Chris Hedges fears more of the same from Obama

Interspersed with reports of the truly needy in Trenton, New Jersey, we have this summation:

TruthOut.org:
If Barack Obama continues to turn to the elites who created the mess, if he does not radically redirect the nation's resources to assist the working class and the poor, we will become a third-world country. We will waste gargantuan amounts of money we cannot afford on our military, our national security state and bloated corporations while we damn the middle and working class to the whims, idiocy and greed of an entrenched, corporate oligarchy. Obama's appointments of Timothy Geithner as treasury secretary and Lawrence Summers as director of the National Economic Council are ominous signals that these elites remain entrenched.
[. . .]
So while our nation crumbles, physically and morally, while our empire implodes, while our economy tanks, the bankrupt elites who got us here play the merry-go-round game of power in Washington.

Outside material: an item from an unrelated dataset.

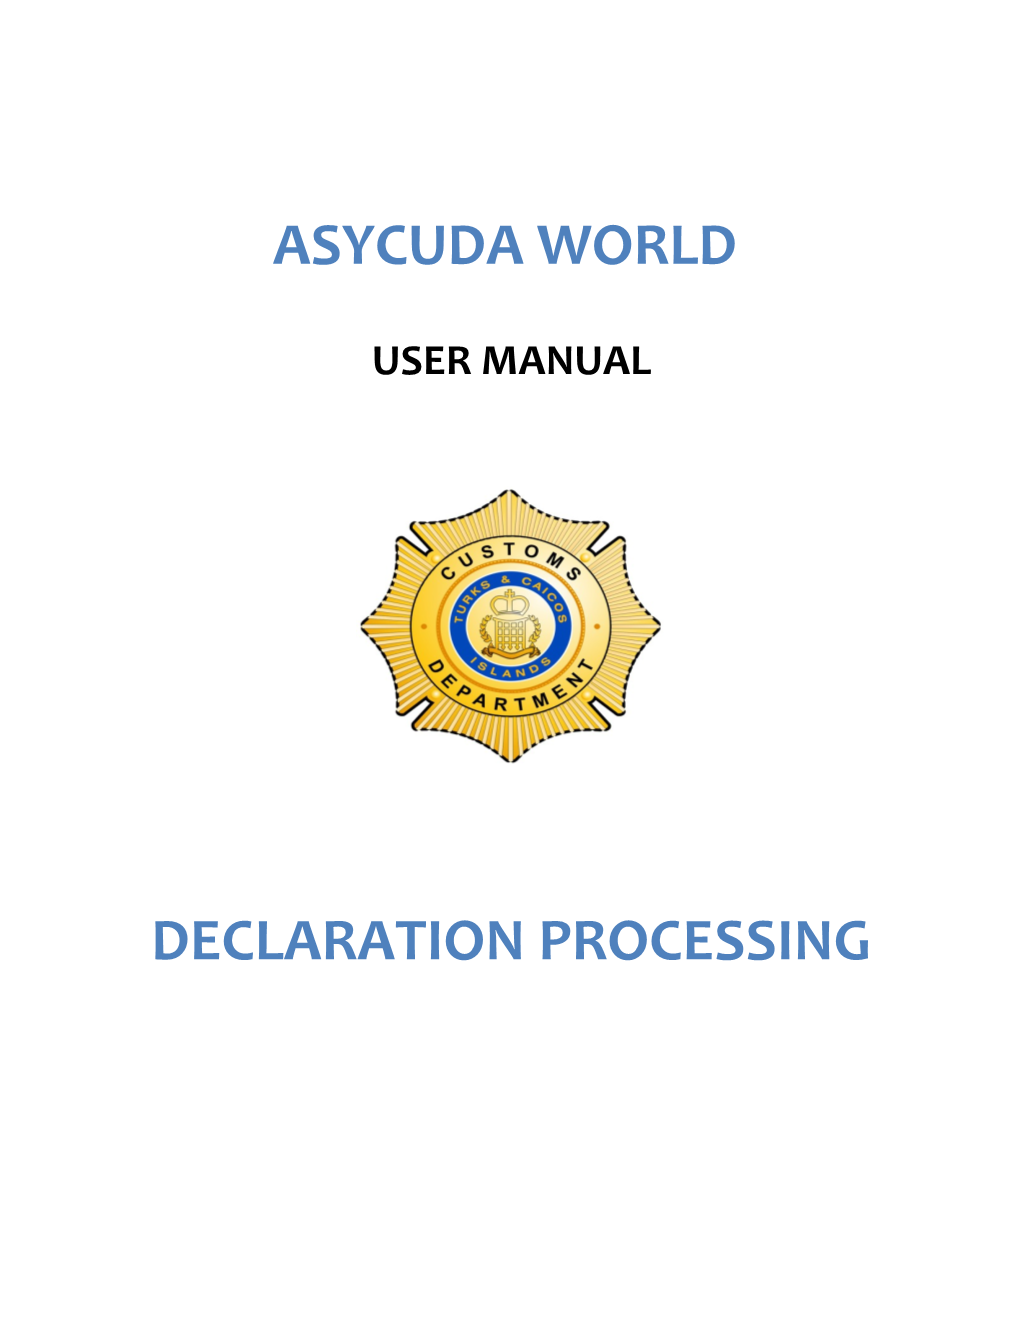 Asycuda Declaration Manual- Brokers

They will continue to oversee our demise, including the obscene drain of our military and security budget, which now accounts for half of all discretionary spending. Pentagon officials have reportedly asked the Obama transition team for $581 billion, an increase of $67 billion. This increase does not, of course, include the $3 trillion for the wars in Afghanistan and Iraq. We will pay these loans later.

Banks, automotive companies and investment firms, all sinking under the weight of their own incompetence and greed, head to Washington, usually in private jets, to engage in the largest looting of the treasury in American history. And Congress doles out our money without oversight in the greatest transference of wealth upwards in modern times.

As this pitiful march of folly rolls forward, children in Trenton and across America go to bed hungry.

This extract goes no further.